Как-то в парке после игры к ним
— Ты из какого общества, парень?
— Из «Металлурга».
— Как тебя зовут?
— Дмитрий.
— Приходи в четверг на «Динамо». Часов в шесть… Сможешь?
— Смогу.
На стадионе «Динамо» тренировалась сборная города. Митьку включили в нее. Теперь тренировки были четыре раза в неделю. На игры приходилось выезжать в другие города. Митька и раньше не очень хорошо учился, а тут пошли сплошные тройки.
— Совсем парень от рук отбился, — жаловалась Нюра соседкам.
Отец, приходя с работы, тоже время от времени холодно спрашивал:
— Долго ты будешь прыгать, как стрекозел?! За ум пора браться!..
Иван Григорьевич носил форму железнодорожника. Форма придавала всему его виду строгость. Выпив перед обедом рюмку водки, Иван Григорьевич оттаивал, говорил уже другим тоном:
— И что из тебя выйдет, Махачкала?..
После окончания школы Митька подал документы в Ленинградский физкультурный институт имени Лесгафта. Поехал «в Питер». Там на него только посмотрели и сказали:
— Лишь бы вы двойку на экзамене не получили… А так считайте, что вы уже приняты…
Но в конце августа из военкомата пришла повестка. Физкультурный институт не освобождал от службы в армии. И Митька гулял последние дни дома.
Первого сентября Коля, Вовка, другие ребята с Амвросиевской пошли в школу. Митька сидел дома и ждал вызова из военкомата.

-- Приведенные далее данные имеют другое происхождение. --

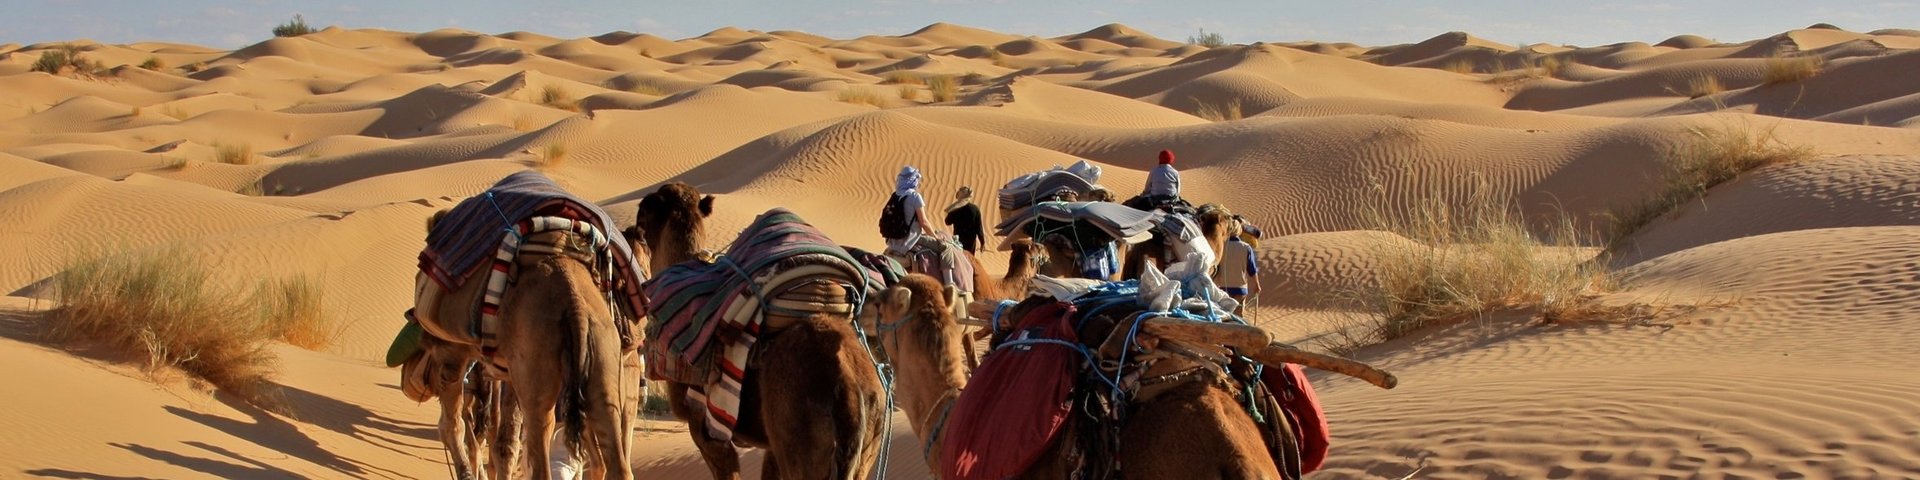 Kamelkarawane in der Wüste von Tunesien

От нечего делать зачастил в Калужинск, ловил птиц. Но и это занятие не принесло прежней радости: нет рядом Коли, нет Вовки.
А осень выдалась отменной, теплой. Однажды, лежа на солнышке, на мягкой еще траве, пригревшись, Митька заснул.
— Эй, Аника-воин!.. А ну просыпайся!
Митька открыл глаза и увидел сначала белесое осеннее небо, а потом уже женщину, Фирку, их соседку.
— Разметался, как красна девица на полатях. — Фирка улыбнулась, показывая свой золотой зуб. — Добрые люди роблять, а ты?..
В словах Фирки не было укоризны. Она стянула с головы платок и стала вытирать им потное лицо.
Митька, все еще лежа, все еще не совсем проснувшись, скользнул невольно взглядом по ее крепким ногам и, смутившись, приподнялся.
— А я смотрю — лежит… Думаю, чи живой, чи нет? — не умолкала Фирка, чему-то радуясь.
Митька вскочил на ноги:
— А ты что здесь делаешь?
— А вон… — Фирка показала рукой.
В стороне стояла тачка, уже наполовину наполненная душистой скошенной травой.
— Помог бы?..
— А я не умею.
— Чего уметь-то? Лишь бы силушка была… Вот смотри! Берешь вот так и — раз-раз-раз…
Коса,
казалось, сама ходила у Фирки.Митька взял косу.
— Да не так же, не так… Мужик называется!
Фирка ласково тронула Митьку за руку, коснулась его плечом… На Амвросиевской нередко Митька и Фирка встречались у колонки с ведрами в руках. Митька и не подозревал, что Фирка только заметит, что он начинает поливать огород, хватает ведро — и на улицу.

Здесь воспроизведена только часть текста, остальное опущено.